ISLAMABAD, Oct 24: The federal government has agreed with the oil companies to restrict new companies from starting oil marketing business in the country.
The new policy (criteria) for oil marketing companies (OMCs) prepared by the Oil Companies Advisory Committee (OCAC) will be approved by the Economic Coordination Committee (ECC) of the cabinet here on Saturday.
Sources at the petroleum ministry told Dawn on Friday that ministries of finance and petroleum had already given consent to the new policy (criteria), although the commerce ministry and the Securities and Exchange Commission of Pakistan (SECP) had raised certain objections.
The summary to the ECC submitted by the petroleum ministry said the oil marketing licence should be given to only those companies that have previous experience in oil marketing at the national or international level.
Technical collaboration/franchise with the national or international oil marketing companies shall be considered as an additional advantage.
The sources said the policy practically blocked new local and international companies from starting the business to ensure a monopoly to the existing marketing companies. The OCAC is represented by six existing OMCs and four refineries.

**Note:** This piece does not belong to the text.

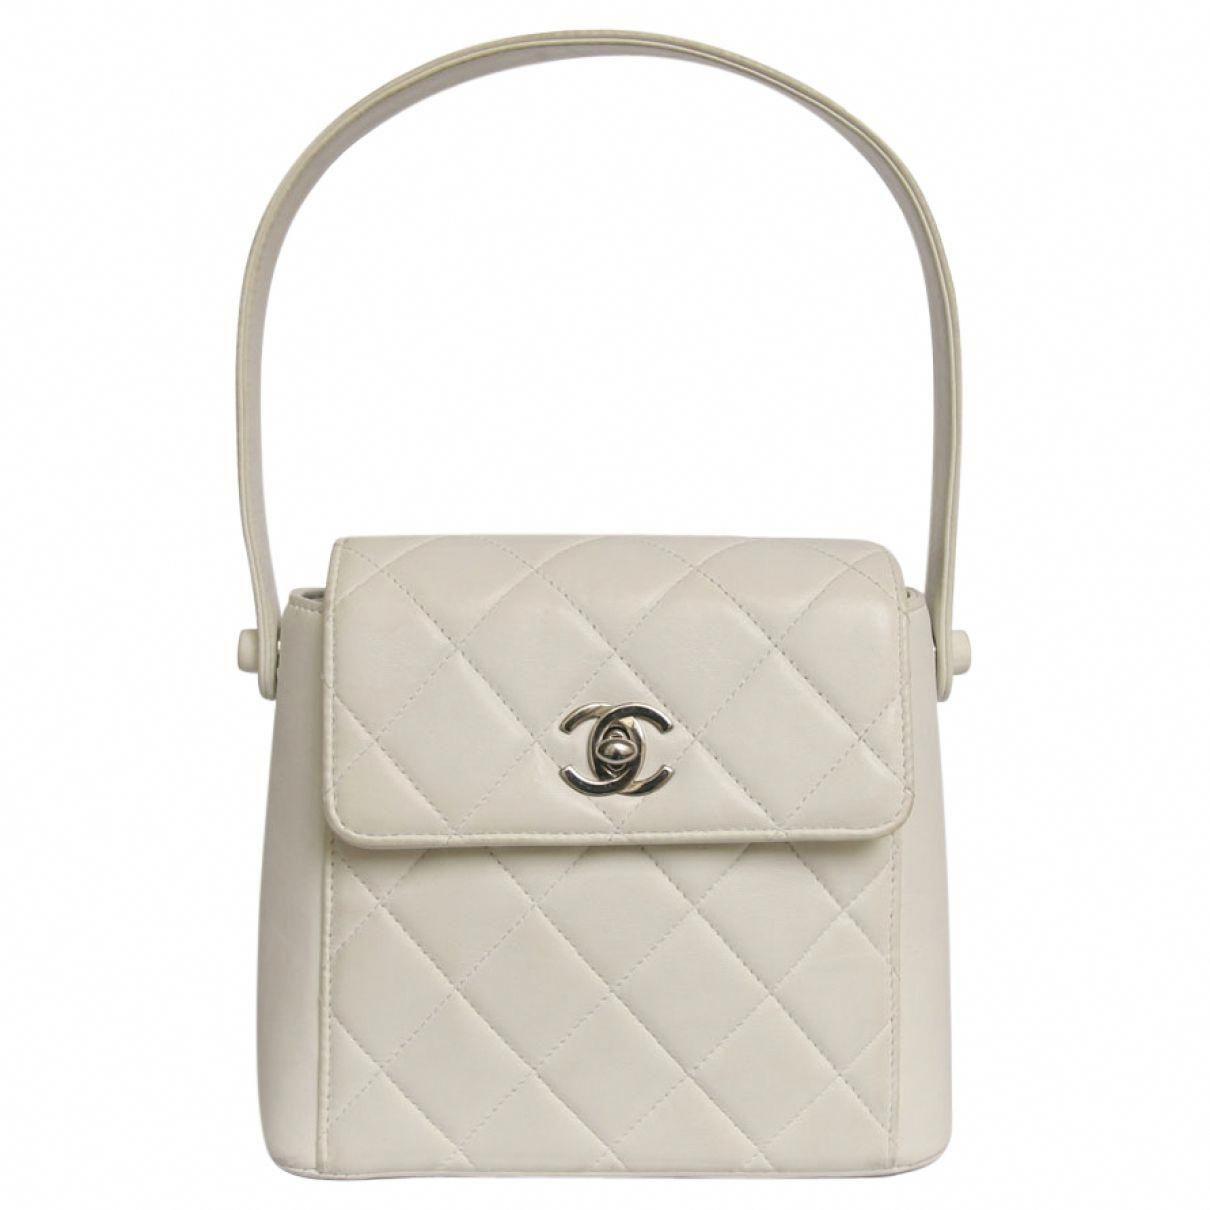 79fb5dcd2bb2 Chanel White Mini Bag | Vestiaire Collective #WomensShoulderbags ...

“An effort has been made to guarantee monopoly of the existing multinationals to ensure them protection which they have been enjoying in a regulated regime,” a senior petroleum ministry official said. He said a local company was recently denied a licence because it had proposed to run 16 outlets itself and pass on four per cent dealer’s commission to the consumers, although it fulfilled criteria under the petroleum policy.
Officials at the finance ministry said criteria prepared by the OCAC had been given full consent because the government had little role to play in the oil business after deregulation of the sector three years ago.
Under the marketing plan, the new company would have to submit supply arrangement details and would be required to first uplift products from the local refineries and import the deficit product with the consent of the OCAC.
The company would be required to submit retail outlet plan for the first three years, which should commensurate with the marketing plan and also submit its transportation plan. The new applicant would also specify cities, locations and number of outlets to be established along with the application.
The new applicant would be required to provide coverage to rural, urban and far-flung areas and comply with the safety and environmental standards. The company would also be required to establish its own depots and ensure adequate stocks.
The licence would be provisional for initial three years and would have to be executed strictly in accordance with the marketing plan. The director general of oil would have the powers not to renew the licence in case of failure by the company to meet any of the clause and fix penalty in such case.
The storage at locations and capacity corresponding to their business strategy, estimated volume and associated economics would also need to be submitted by the new applicant.
Under the investment plan, the company would have to give details of infrastructure development of depots, installation of machinery and outlets. If the new company is not affiliated with any existing refinery, a minimum of 20 days and in case of affiliation 10 days storage of their proposed sale shall be provided as infrastructure prior to beginning to sales in the country.
The company would be required for an equity investment of Rs500 while total debt/ equity ratio would not be less than 60:40 per cent. The licence would be non-transferable.
The new group should be of repute having adequate financing resources to manage the new company in the initial period. It should also have the capability to raise funding from commercial banks and financial institutions.
A letter of support (LoS) from the banks or financial institutions must be provided with the application. The applicant would also file an affidavit that none among the executives of the company ever had any criminal case, loan default or tax evasion case.